How to Clone a Hard Drive With Bad Sectors Using ddrescue

Jared

Administrator
Staff member
If you ddrescue a 500Gb drive onto a 1Tb, you'll be left with 500Gb of old data at the end. It's best to either start with a zero filled blank drive or at least set the scan area to the lba size of the original drive you imaged.

Did ddrescue seem to actually image the data, or did it just error out on everything?
 

jimmy5

Member
i cant really remember how ddrescue ended(i might have even ended it myself to save it from damage), but the only data that i saw from the scanned image was from 2009-2012 or something... and nothing from 2015 or 2016...
but i also have a short mapfile of the ddrescue scan, so it should have saved atleast something on the image? which i did not see at all...
 

adsrawson

New member
Thanks for this tutorial,

Is it possible to clone just 400gb of a 2tb drive onto another 2tb drive that already has some data on it without losing that data?

Thanks
 

pclab

Moderator
Is the patient drive OK?
If yes, you can directly copy the selected data.
If you want to image/clone, it's better to save the data from donor HDD, because you will loose it.
 

adsrawson

New member
Thanks for the fast reply,

The drive with the 400gb of data I want to copy is on a HD that is failing (bad sectors). I want to save as mucin data as possible but only have 2 smaller SSD's and another identical 2tb drive (but this has programs/data on I'd rather not have to reinstall).

I'm guessing the failing drive is the 'patient drive' as you say, so presumably I'll need a fresh HD of 2tb or more to save any data I can?
 

NNenov

New member
A long time ago, I had an important hard disk fail on me, it was making bad sounds, I followed an online walkthrough on using DDrescue to clone the damaged drive perfectly. I've now had another failure and I can't find that walkthrough anymore.. but this looks great, I just have some questions before I can try to follow;

- The original walkthrough I followed, required 2 new hard disks, one to "image"(I think that was the term) the damaged drive to, and the second to clone/image the image to and create a proper clone on.

I only have one blank hard disk available at the moment, it is 2TB SSD/HD hybrid drive;
I dont quite get exactly what you are explaining, is it:
a. how to create an "image" file to the new drive, which then needs to be further processed before being imaged onto a new drive, basically moving it to a healthy body
or
b. is it explaining how to clone the damaged drive directly to a new drive, but without the bad sectors?

if the case is a, can I still do this with my single 2TB drive, by partitioning it in windows prior to the operation? if I did this, would it read as 2 separate drives when calling "hwinfo --short" and is it an issue that my new drive is a "hybrid" drive?
 

lcoughey

Moderator
You need not make an image and a drive-to-drive clone...one should suffice. If going drive-to-drive, the destination drive must be the exact same sector size or larger. If going drive to image, the formatted partition on the destination drive must be large enough to hold the full capacity of the source drive in an image file. How big is the source drive?

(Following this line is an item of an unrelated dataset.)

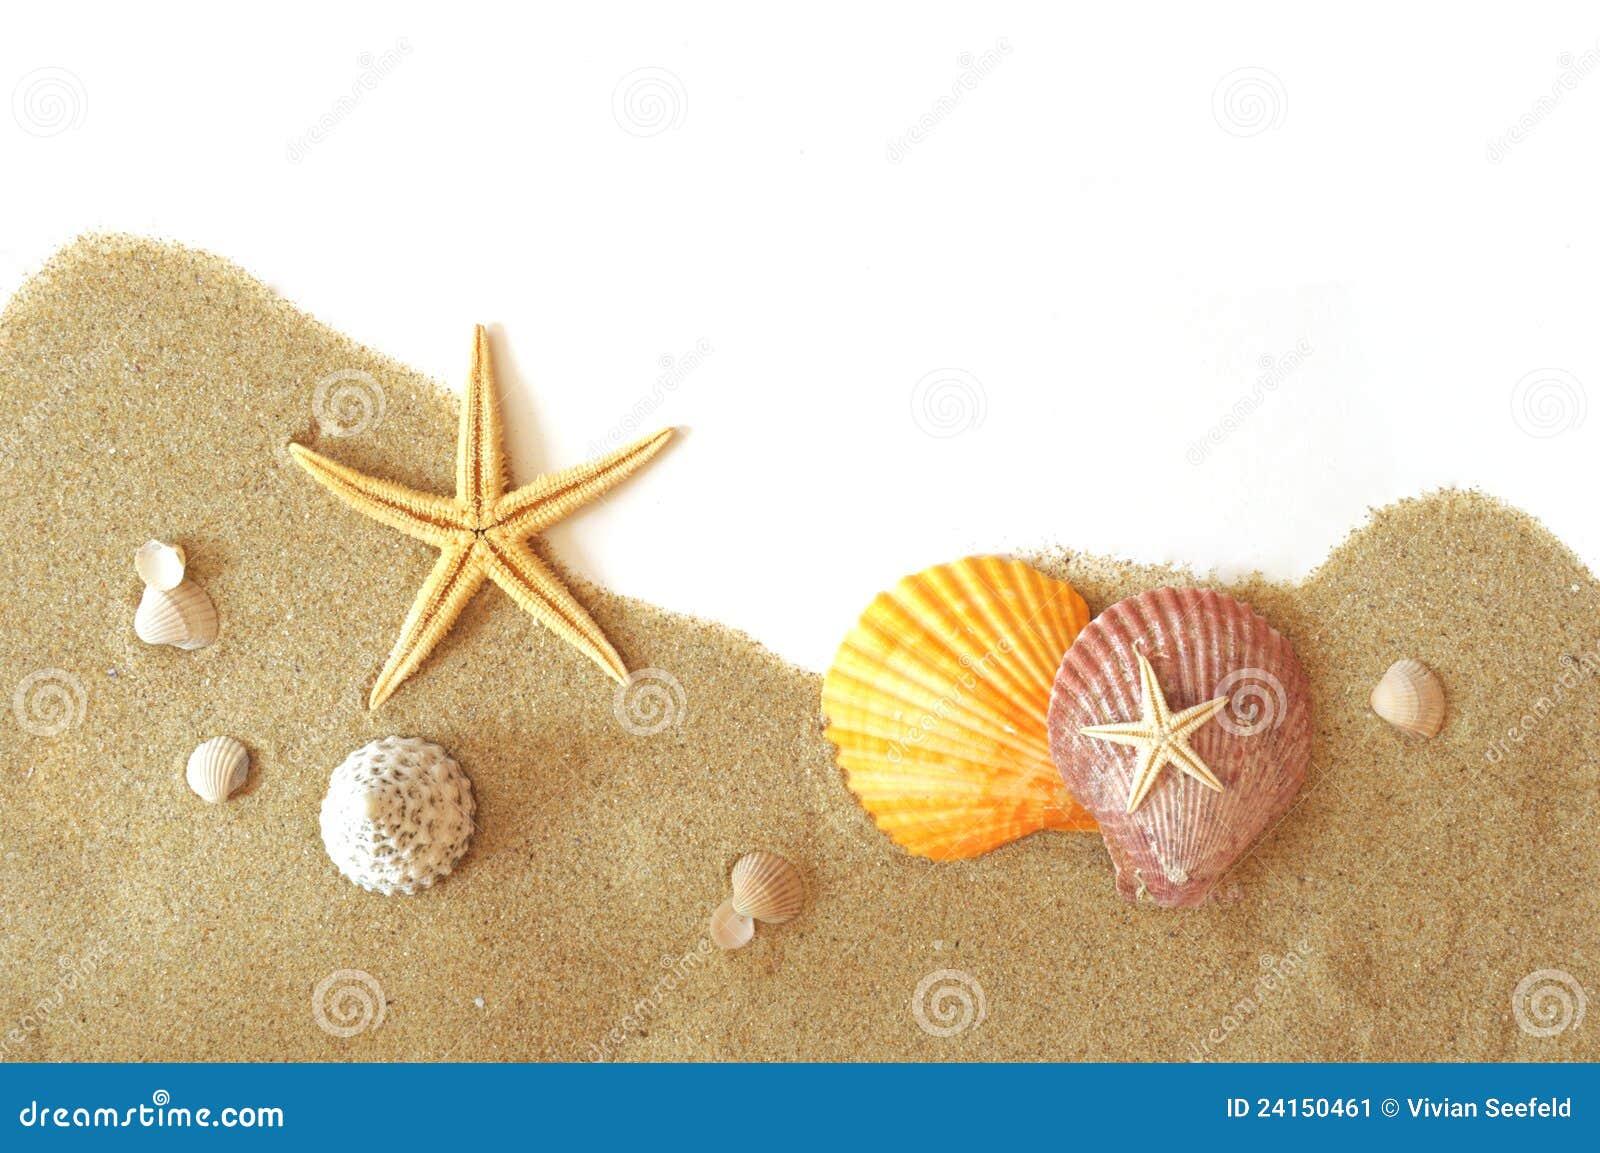 beach scene clipart border. sand and seastar border stock beach scene clipart
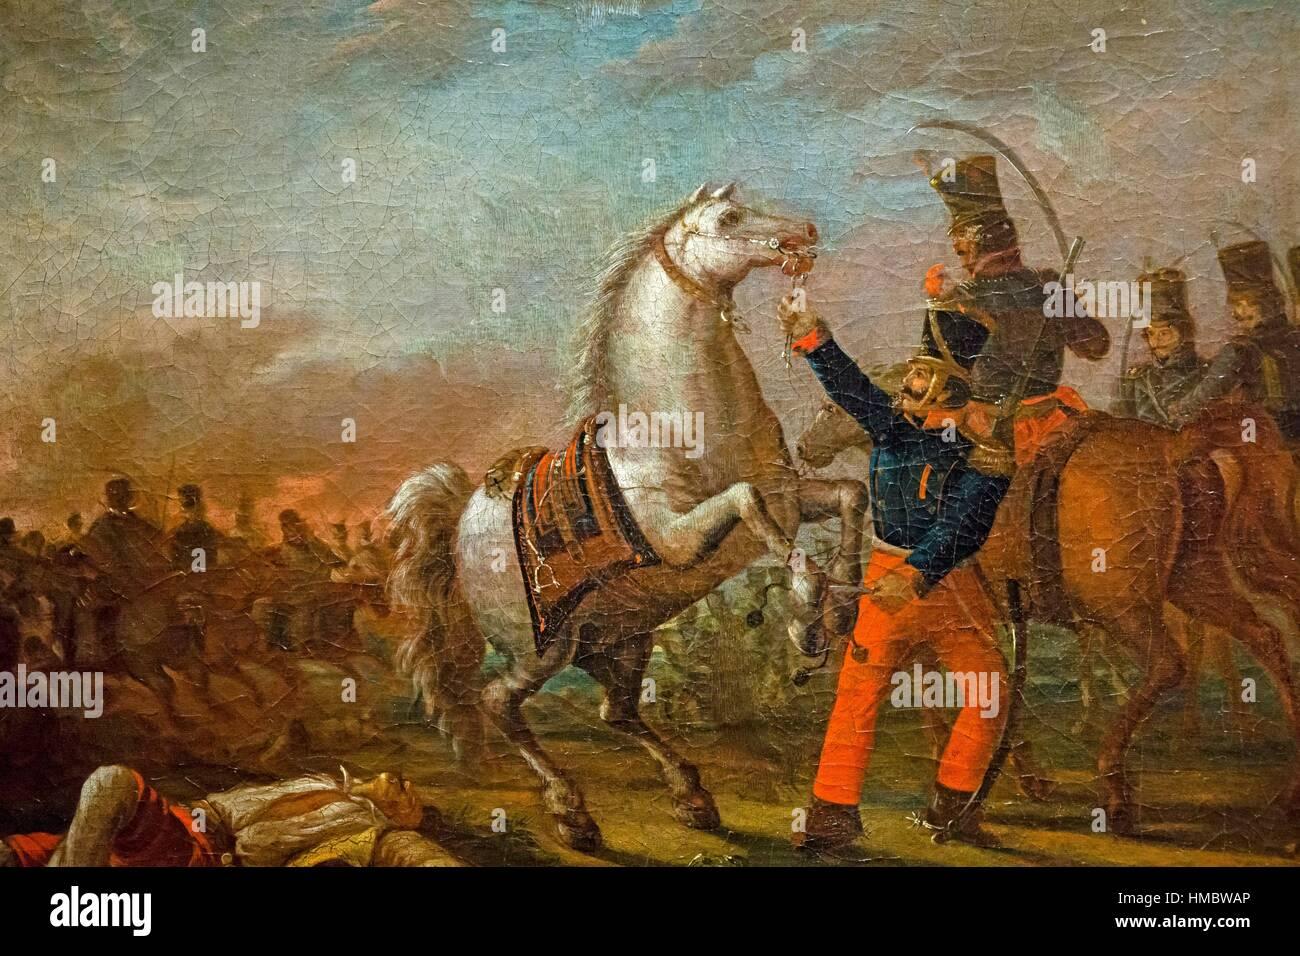 Carlos Morel, Carga de caballeria (Federal army cavalry charge), 1829, oil on canvas, Museo Nacional de Bellas Artes - Stock Image

While we are at it, what is the model and problem with the source drive too?
 

NNenov

New member
Thank you for the fast response, the troubled drive is a "repaired" (old) seagate 500gb baracuda 7200rpm.
It makes some strange sounds, sometimes boots if the computer has been turned off, but fails soon after boot and disappears from My Computer.
The new drive I got is
"2TB Seagate ST2000DX002 3.5" FireCuda, SSHD, 8GB cMLC NAND, SATA III - 6Gb/s, 7200rpm, 64MB Cache, OEM"

I am tempted to do a direct drive to drive operation, but if I do this, it would mean I should avoid using -r (repeated attempts) since this may kill the drive if it is really damaged, and it seems it would be safer to use an image and do just 1 pass, once I have the image I can do -r3 without worrying about the drive dying. Is this right? if this is the better option then I am again not sure if I can partition my new drive and how imaging and cloning would work.